I know.  You are all just itchin’ to find out how we are getting from point A to point B on this island.  Well, itch no more, because not only will I  TELL you, I’m also giving you the visual.  We have been traveling in comfort on this lovely bus.  There are only 16 of us, plus our guide, so we have LOTS of room to to spread out.  

The view from these huge windows has been amazing.  We definitely chose the right time to visit Sicily–the wild flowers are blooming, everything is lush and green, and the temperature has been perfect! 

We are all so grateful that Marco, our bus driver,  is manouvering along these winding, VERY narrow roads, up and down the hillsides.   All we had to do is sit back, relax and take it all in.  

Once again, we will be time traveling, all the way back to Ancient Greece.  I don’t know why, but I just got a flash back to Mr. Peabody and his boy, Sherman, of the Rocky and Bullwinkle Show.  (“Every dog should have a boy”. God, I loved that show! ) How sad that so much of my knowledge of history, at least what stuck,  came from cartoons and Walt Disney!  But I digress. 

When we arrived at the Valley of the Temples, we were greeted by another Marco, our guide for the site.  An archaeologist,  he came equipped with maps, diagrams, and an abundance of enthusiasm.  

Sadly, the site had been picked clean by those successive waves of conquerors, so it was difficult to extract much information about the lifestyle of the original Greek inhabitants of Akragas (as the area was once known) from artifacts, bones, shards, etc.  

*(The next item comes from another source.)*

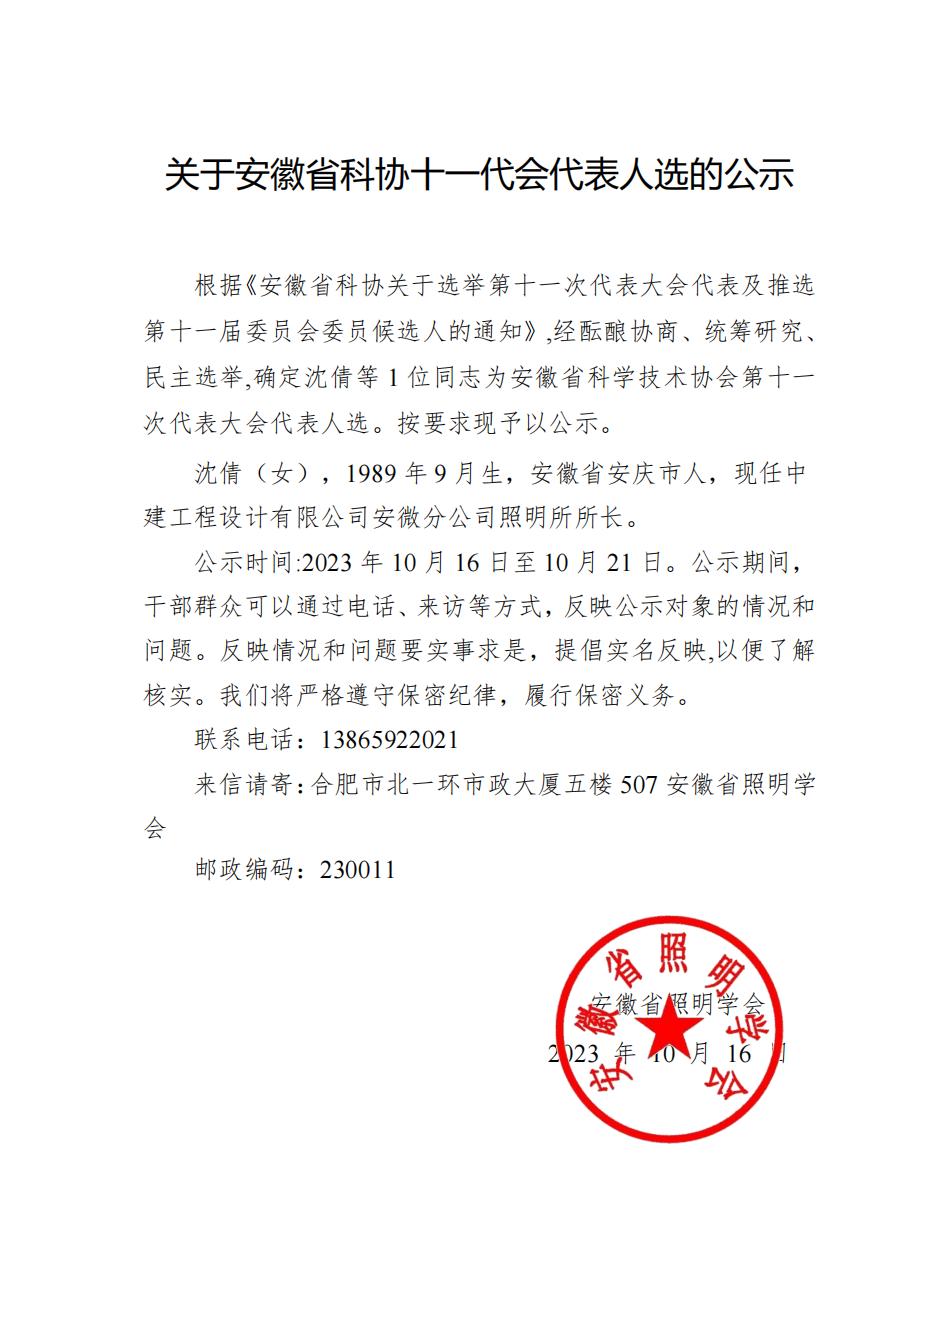 关于安徽省科协十一代会代表人选的公示(2)_00.jpg

Fortunately, though, eight Greek temples remain at this UNESCO site, all built between 510 and 430 BC.  The best preserved temple, called “Concordia” by the non-archaeologists, (because the archaeologists didn’t have sufficient info to determine the correct names of the temples) was saved from being scavenged by the locals because it was transformed into a church by the Normans.  Walls were built between the pillars, and the entrance was changed, then at some point (and yeah, I forgot what Marco said.  Sorry!) it was all changed back.


From the valley, you can see the modern city of Agrigento, just beyond Greek temple F (the archaeologists’ name for Concordia. ) 

What Marco COULD tell us was that these arches were once the entrance to Greek tombs, that were later repurposed by the Normans for shelter, with the actual grave used as a manger for their animals.  The Greeks dug shallow graves — only about a foot and a half deep– and covered the hole with rocks.  Who knows what the Norman’s did with the remains they found when they moved those rocks! 


My favorite part of the site, however, was this incredible sculpture of Icarus, who fell from the skies because he flew too close to the sun.  Clearly, HE hadn’t been under water for 2,000 years!  Also clear was that he was a modern addition to the site.


After our tour, it was time for lunch at this lovely private home.  


You’d think we would have figured it out by now.  What we THOUGHT was the lunch, was actually just the antipasto, followed by several other courses.  We have concluded that we need to get much better at pacing ourselves!  But if the food wasn’t enough, there was yet another surprise in store for us:  The owner’s grandfather had been a renown craftsman, creating donkey carts that were truly works of art.  

The paintings on the sides of the carts were of historical events, like this one depicting the assassination of Julius Caesar.


Even the spokes on the wheels were intricately carved.  


Here’s our hostess, who also functioned as guide, cook and server.

These magical interludes are a big reason that Mike and I travel with OAT.  We NEVER would have been able to arrange for some of these fascinating encounters on our own!  

By now, we were completely sated with food and culture, ready for our one night stay at Vecchia Masseria in Piazza Amerina.  

And yes, it really WAS that beautiful.  Another agritourismo, in a pastoral setting with delicious,  locally sourced food.  Life is good.